Triple S
7
Triple S

Album de 13 Block (2018)

Sur le papier, Triple S c'est un peu le concept le moins intéressant du monde : en gros on a Ikaz Boi qui produit 11 titres dans le genre trap d'Atlanta actuelle, pour 13 Block, groupe jusqu'ici connu pour avoir fait de la drill, qu'on résumera comme quelque chose de très bordélique et énervé. Donc un peu comme quand t'essayais d'expliquer en 2015 à tes potes pourquoi PNL c'est phénoménal, tu te retrouves face à des mots-clés que tout le monde a entendu mille fois et qui font bander personne. D'ailleurs même toi au début tu pensais que ça allait te durer la semaine, surtout que lyricalement tu risques pas d'y passer des plombes à chercher des double sens qui cassent la tête, et pourtant, les faits sont là : on est en septembre et on continue d'envoyer Don Pablo dès qu'on sait plus quoi mettre après trois albums moyens.

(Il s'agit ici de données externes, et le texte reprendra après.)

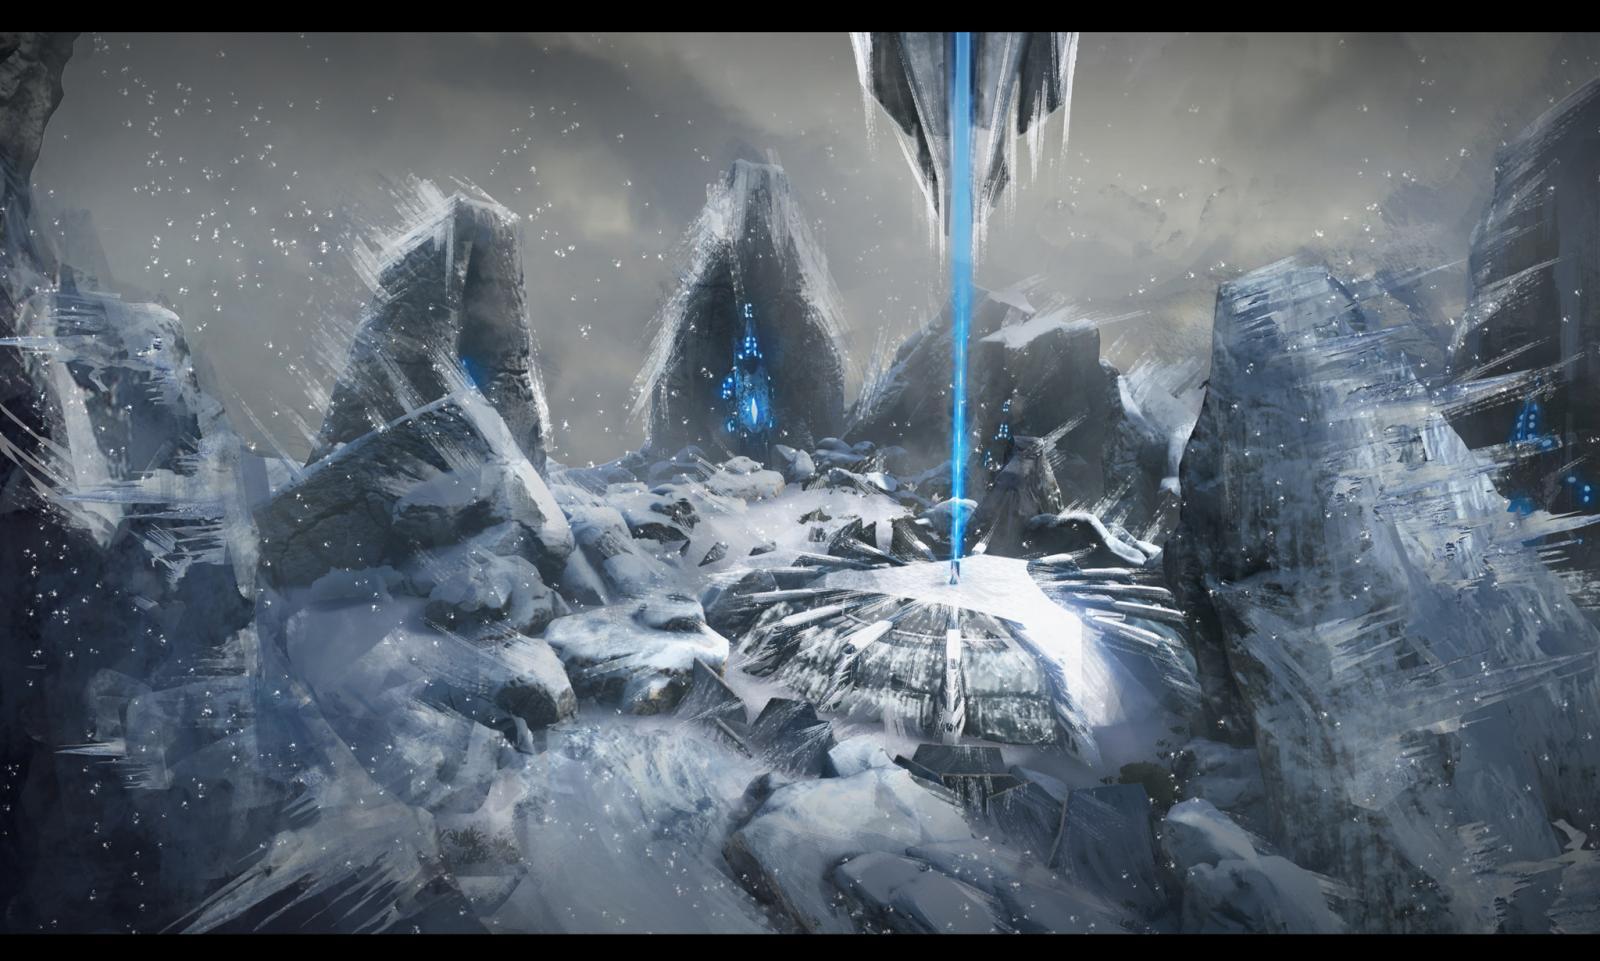 Concept: Snow Mountain
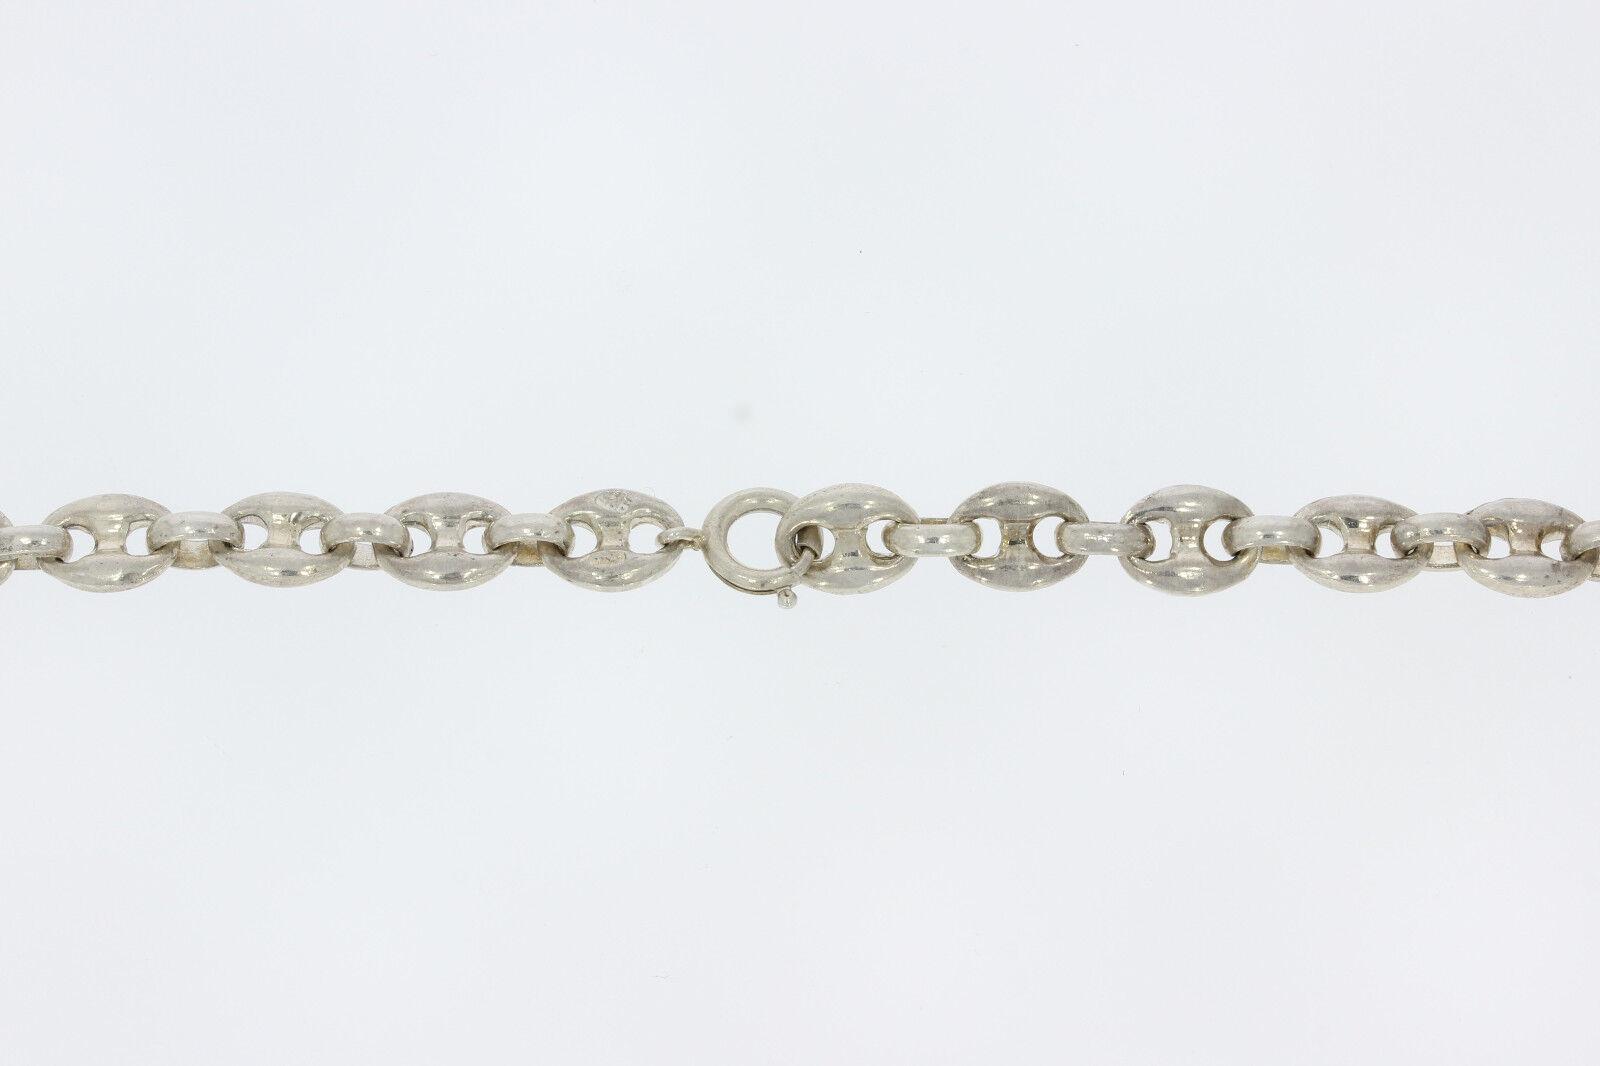 Sr611-925er argentoo argentoo argentoo catena catena Italia lungo 80 cm di larghezza 8 MM peso 81 8 grammi d1f524

Donc histoire de comprendre pourquoi c'est aussi bien, faut commencer par admettre que le concept est pas si con que ça. Qui a déjà entendu un groupe aussi authentiquement français rapper sur du Metro Boomin ? C'est un peu comme PNL au final : eux avaient essayé de raconter le vécu de deux charbos des Tarterêts sur des prods clouds qu'on connaissait encore peu en France ; ici, c'est un certain versant de la musique d'Atlanta qu'on essaie d'adapter à ces mêmes profils de gros vendeurs de SHI'. Et le fait qu'ils laissent de côté les personnages de grossiste américain pour rester dans quelque chose de plus dur et réaliste ne veut pas dire pour autant qu'ils accusent un déficit de charisme. Pour rappel, y'a quand même un freestyle sur Couvre Feu où ils répètent en boucle pendant deux minutes « pourquoi j'me sens mieux quand je traite ta mère ? » et ils pètent le style malgré tout, c'est incroyable.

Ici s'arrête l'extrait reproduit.